1. Introduction

Overview of nanotechnology

Nanotechnology is the creation and use of materials or devices at extremely small scales. These materials or devices fall in the range of 1 to 100 nanometer (nm). Dimensional range of 1 to 100nm is referred to as the nanoscale and materials at this scale are called nanomaterials.

At these dimensions (nm), materials exhibit different physical properties and behaviours not observed at microscopic level. Thus, many effects at the nanoscale have been discovered and used for breakthrough technologies. Therefore, the aim of nanotechnology is to create nano-devices with new functionalities stemming from these unique characteristics. (Yang and Luzzi, 2009)

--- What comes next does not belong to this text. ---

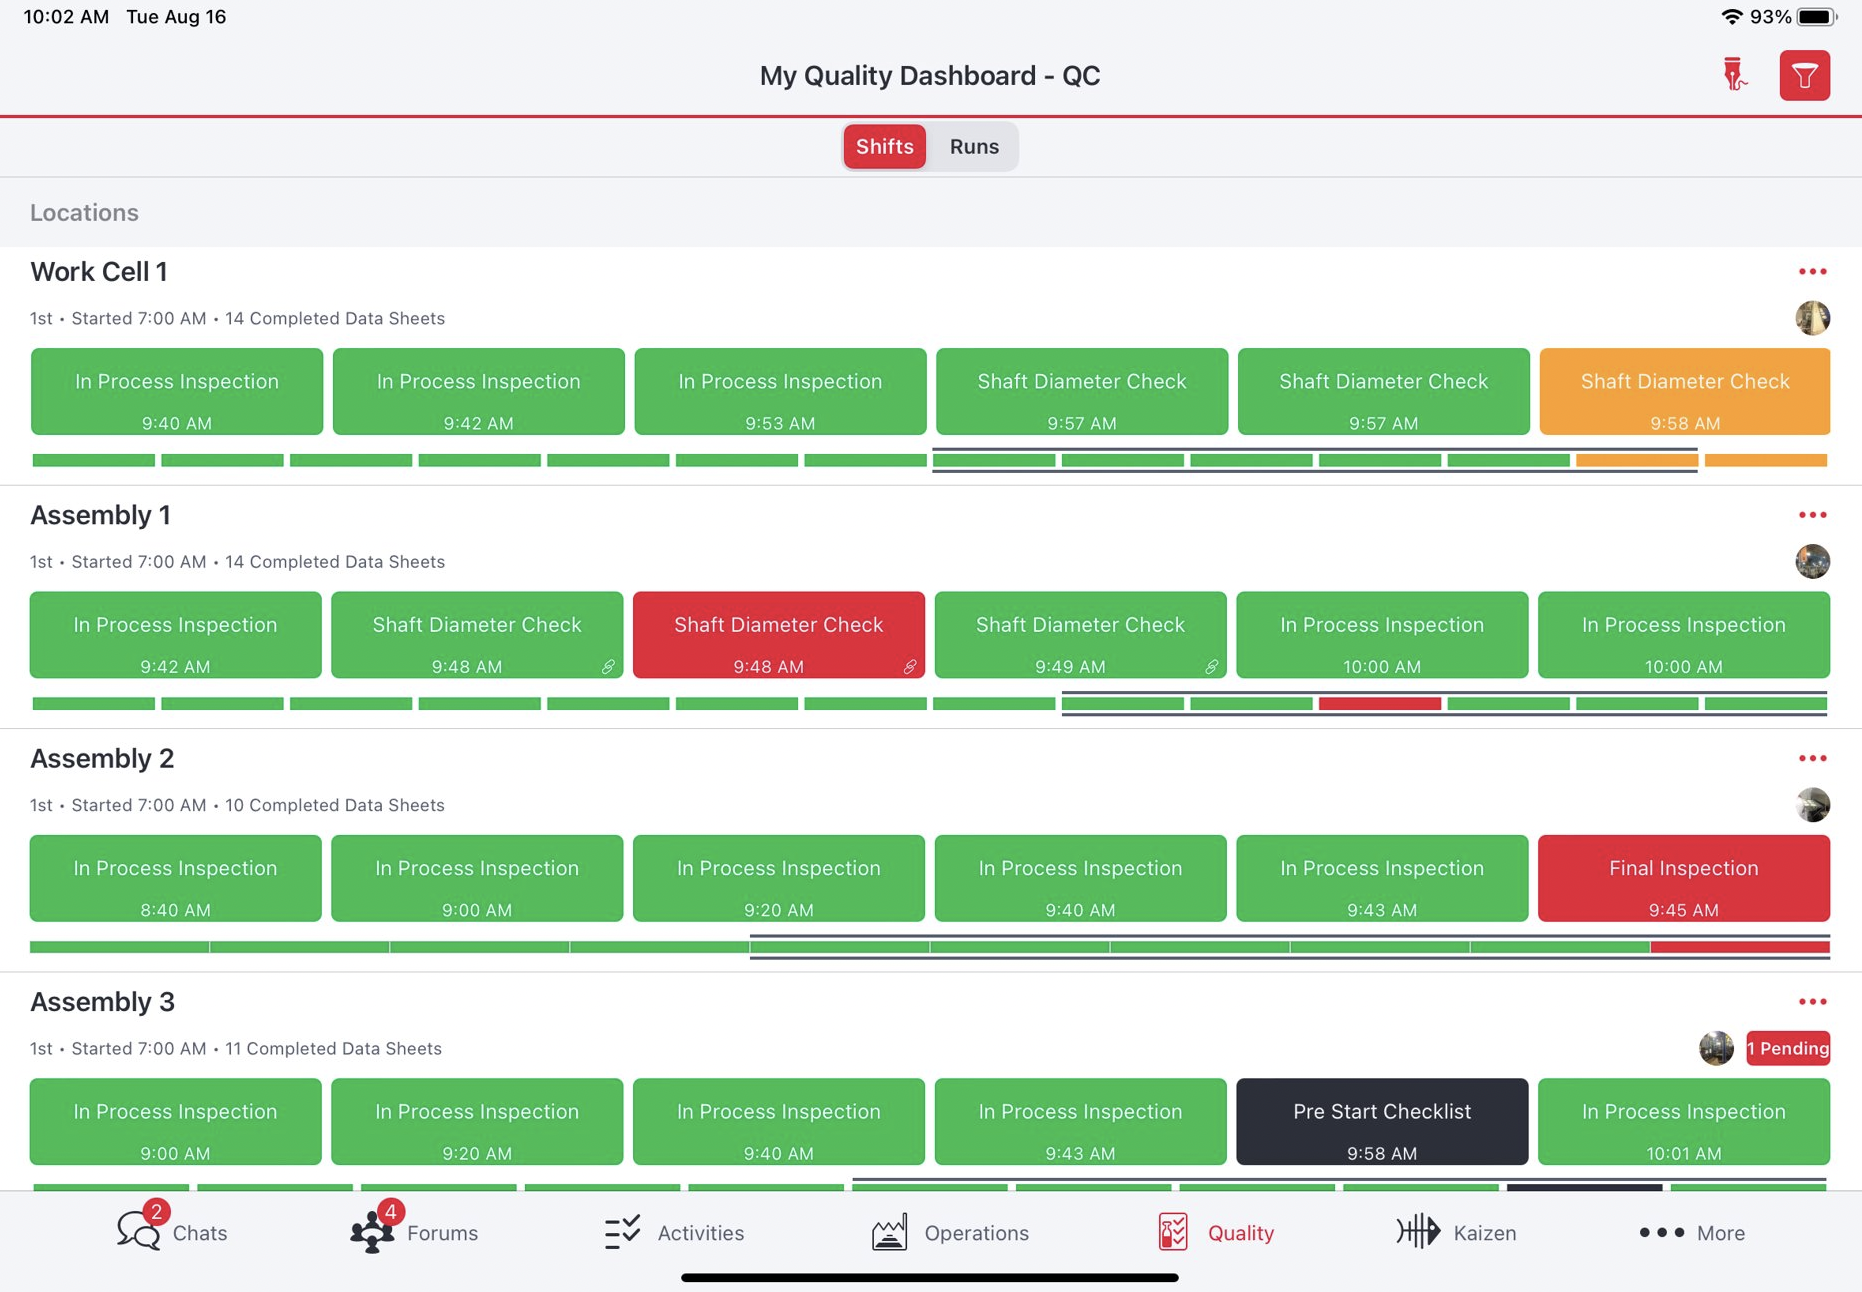 High level quality inspection by line dashboard showing whether a required check was completed (green), failed (red) or missed (black) with orange indicating an SPC violation. Each can be drilldown into to show the details and notes.

1.1. Nanosensor Technology

One of the early applications of nanotechnology is in the field of sensors and nanosensors. A sensor is a device that measures a physical quantity and converts it into a signal that can be read by an observer (Dan et al, 2004). Nanosensors are biological, chemical or surgical sensory points used to convey information about nanoparticles to the macroscopic world. Nanosensors can be classified based on what they sense. Physical nanosensors measure magnitudes such as mass, pressure, force or displacement. Chemical nanosensors measure magnitudes such as the concentration of a given gas, the presence of a specific type of molecule or molecular composition of a substance. Biological nanosensors are used to monitor bio-molecular processes such as antibody/antigen interaction, DNA interaction, enzymatic interaction or cellular communication processes (Sukesh, 2007).

Nanosensors, as an application of nanotechnology, are extremely important for environmental, medical, security and communication applications. Communication among nanosensors will expand the capabilities and applications of individual nano-devices, both in terms of complexity and range of operation.

Two main alternatives for communication in the nanoscale are; nano-electromagnetic communication and molecular communication. Nano-electromagnetic communication is the transmission and reception of electromagnetic radiation from components based on novel nanomaterials, while molecular communication is the transmission and reception of information encoded in molecules (Akyildiz and Jornet, 2010)

2. Theory

2.1. Principle of operation of a Communication Nanosensor

A particle that is able to sense physical or environmental properties at the nanoscale is known as a nanosensor (Neeraj et al., 2011). So, such a device is assumed able to sense properties of environmental conditions at very small and gaseous levels. A nanosensor therefore has unique properties of nanomaterials and nanoparticles to detect different events in the nanoscale. Nanosensors work with the special sensation ability, which can detect information and data. The arrangement is similar to the ordinary sensors, but their difference is that nanosensors are developed at the nanoscale.

A nanosensor is useful for communication when it has a sensing unit, actuation unit, power unit, processing unit, storage unit and communication unit. In this type of communication network, the nanosensing unit is combined with zinc II oxide (ZnO)-based memory due to its reliability and repeated switching ability. Thus, after the combination of these two types of sensors, the network would have strong sensing ability at the nanoscale and communicating capability through wireless sensor network (WSN).

Electromagnetic (EM) communication among nanoscale devices is enabled by the usage of novel nanomaterials such as graphene in the development of radiofrequency nano-transceivers and corresponding electromagnetic nano-antennas, which are few hundreds of nanometers in size. The EM properties observed in these materials determine the specific frequency bands for emission of EM radiation, the time lag of the emission and the magnitude of the emitted power for a given input energy, amongst others.

2.2. Nanoantennas

A nanoantenna also known as nantenna is an electromagnetic collector designed to absorb specific wavelengths that are proportional to the size of the nanoantenna. Based on the antenna theory a nanoantenna can absorb any wavelength of signals efficiently, provided the size of the nanoatenna is optimized for that specific wavelength. Ideally, nanoantennas would be used to absorb light at wavelengths between 0.4-1.6μm because these wavelengths have high energy (Corkish et al., 2003).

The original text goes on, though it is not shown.